The selection of chemotherapy regimen is based on patient characteristics, previous treatments, expected toxicities, and patient preferences. Sequential chemotherapy monotherapies are generally preferred. However, in selected cases, particularly where there is a high tumor burden or when a rapid response is needed, combination treatment may be indicated [II, A]. Taxanes and anthracyclines should be considered in patients who have not received them in the neo/adjuvant setting [I, A].
Capecitabine is an option frequently used in early ABC treatment lines due to its oral availability and favorable toxicity profile [41]; before starting such treatment, and to avoid severe, even lethal, toxicities, an assessment of a potential dihydropyrimidine dehydrogenase (DPD) deficiency by genotyping DPYD gene polymorphisms is recommended [38, 42].
Other chemotherapy agents useful in this metastatic setting are eribulin, vinorelbine, gemcitabine, carboplatin, and others.

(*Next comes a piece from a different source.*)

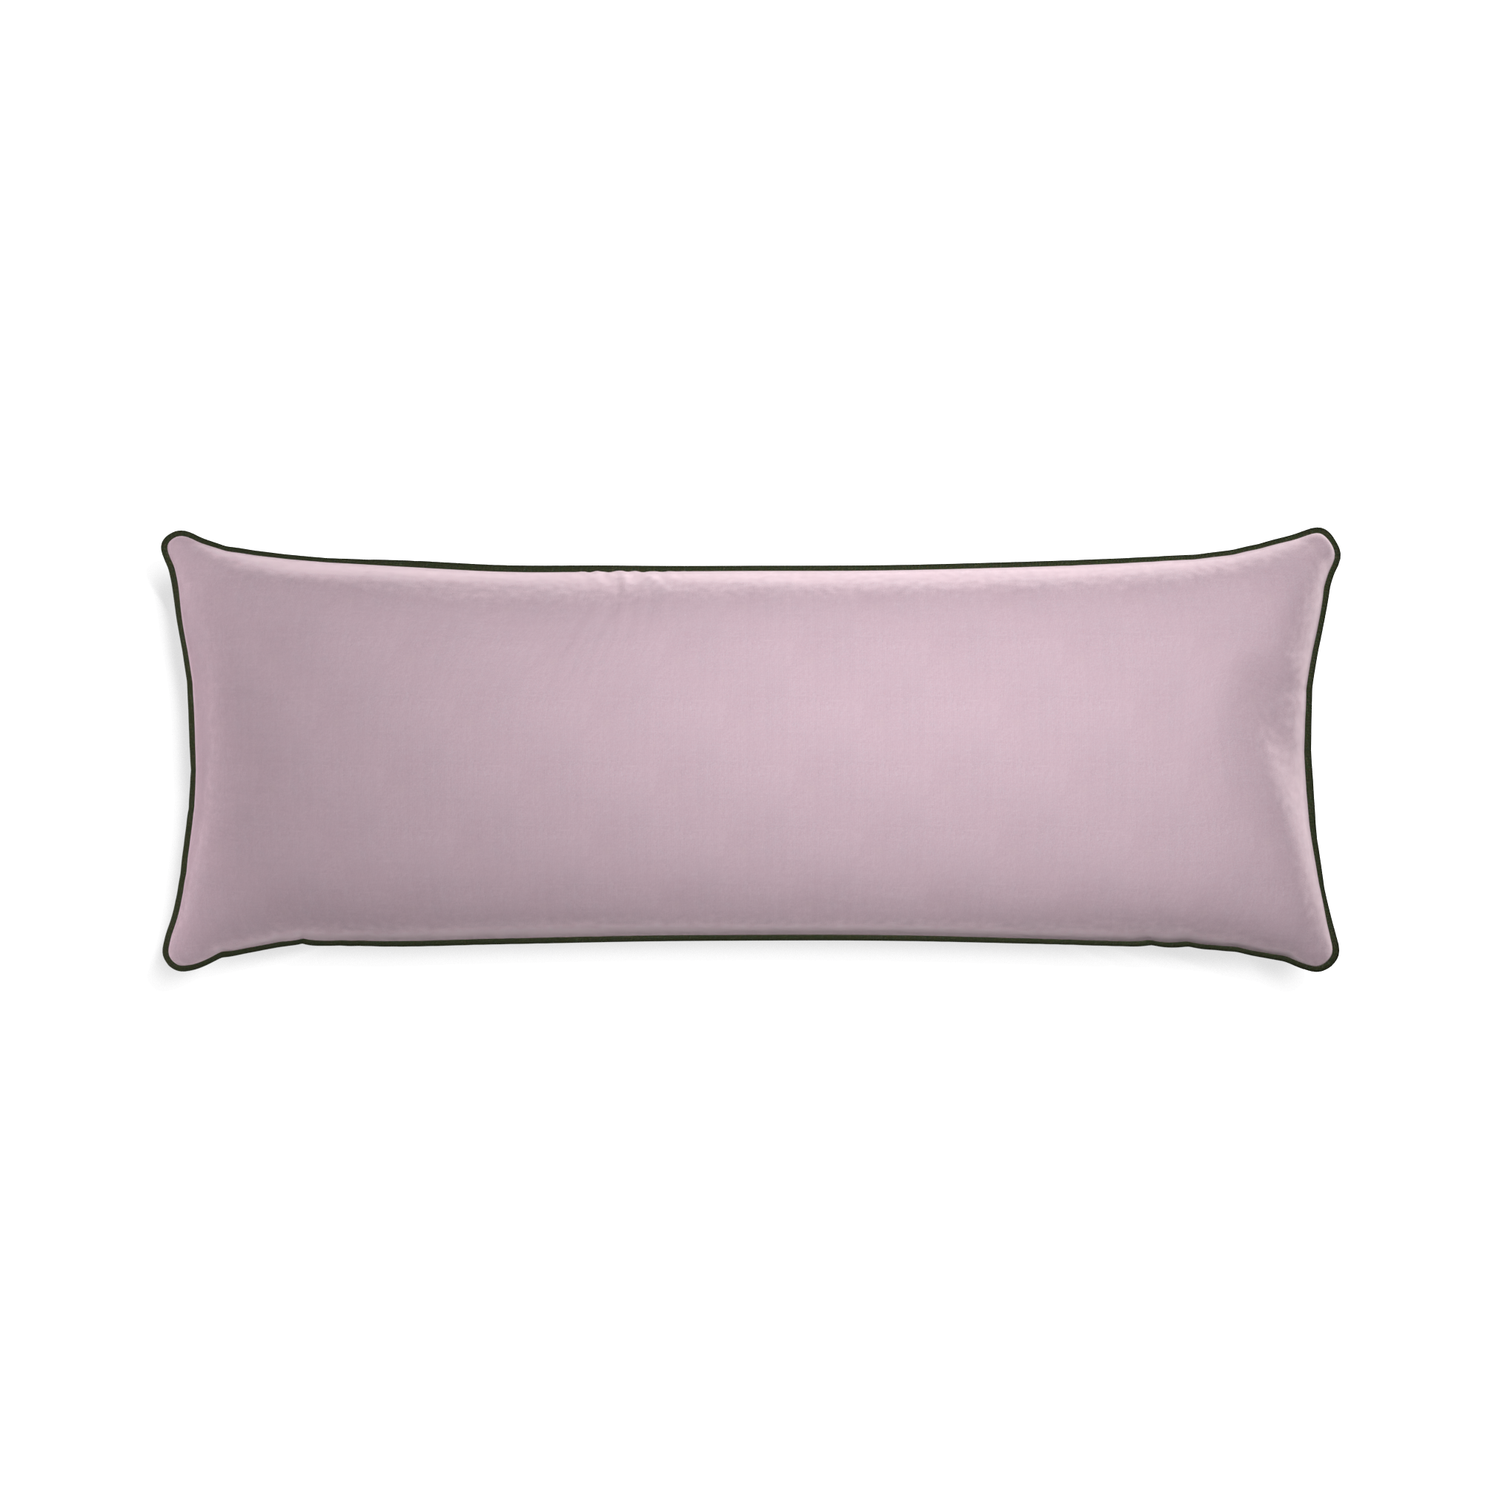 rectangle lilac velvet pillow with fern green piping

In this setting, eribulin has been shown to provide an OS benefit [42, 43].

Antibody–drug conjugates
Trastuzumab deruxtecan (T-DXd) has emerged as the most effective option for patients with ET-exhausted tumors, both as an immediate first-line treatment in HR-positive/HER2-low or HER2-ultralow tumors, and as a second-line option in HER2-low disease [I, A]. The use of T-DXd in the first- or second-line setting should be carefully considered by the physician and the patient, based on the individual characteristics of the disease [44, 45].
In addition, a phase 3 trial comparing sacituzumab govitecan versus therapy per physician’s choice (TPC) in an HR-positive/HER2-negative population as a late-line treatment showed a significant improvement in PFS and OS [46].
Datopotamab deruxtecan is another ADC that has also demonstrated efficacy in terms of PFS in this clinical setting [47].

PARP inhibitors
Both olaparib and talazoparib have shown superiority in terms of PFS to single-agent TPC in phase 3 studies that included patients with HER2-negative tumors harboring gBRCAm [48, 49]. Benefit was observed irrespective of HR status. However, another study found that talazoparib did not significantly improve OS compared with chemotherapy in patients with gBRCA1/2-mutated HER2-negative disease [50]. In the HR-positive setting, for this specific population, treatment with a PARP inhibitor should be considered after first-line ET plus CDK4/6i [I, C].

HR-negative/HER2-negative ABC

HR-negative/HER2-negative ABC
TNBC is clinically defined by the lack of ER, PR and HER2 expression. It accounts for nearly 15% of all breast cancers and is associated with worse prognosis than other subtypes [48, 51].
Patients with PD-L1-positive tumors may benefit more from checkpoint inhibitor-based combinations than patients with other tumor types and, therefore, PD-L1 should be tested before first-line treatment is initiated [I, A]. Patients with metastatic TNBC who may be considered for treatment with a PARP inhibitor should undergo testing for germline BRCA1 and BRCA2 pathogenic or likely pathogenic mutations [I, B]. Other biomarkers, such as tumor mutational burden or deficient-mismatch repair/MSI-high, could be assessed in patients who are candidates for pembrolizumab, while NTRK fusions may be evaluated in those eligible for tyrosine receptor kinase inhibitors [III, B].

First-line treatment
The choice of first-line treatment should be guided by the expression of PD-L1 and gBRCAm analysis (Fig. 3).

PD-L1-positive metastatic TNBC
The addition of a checkpoint inhibitor to standard chemotherapy has been evaluated in several phase 3 clinical trials. Atezolizumab, in combination with chemotherapy as first-line treatment for patients with PD-L1-positive TNBC, showed conflicting results in two clinical trials (IMpassion130 and IMpassion131) [52, 53]. As a result, its use in clinical practice is now limited [II, A].
Pembrolizumab, in combination with chemotherapy as first-line treatment for patients with PD-L1-positive TNBC, has demonstrated significant improvements in PFS and OS [54, 55]. Therefore, it is considered the standard-of-care in this setting [I, A].

PD-L1-negative gBRCAm metastatic TNBC
For the management of this type of ABC, see the sections on genetic testing and BRCA-associated disease.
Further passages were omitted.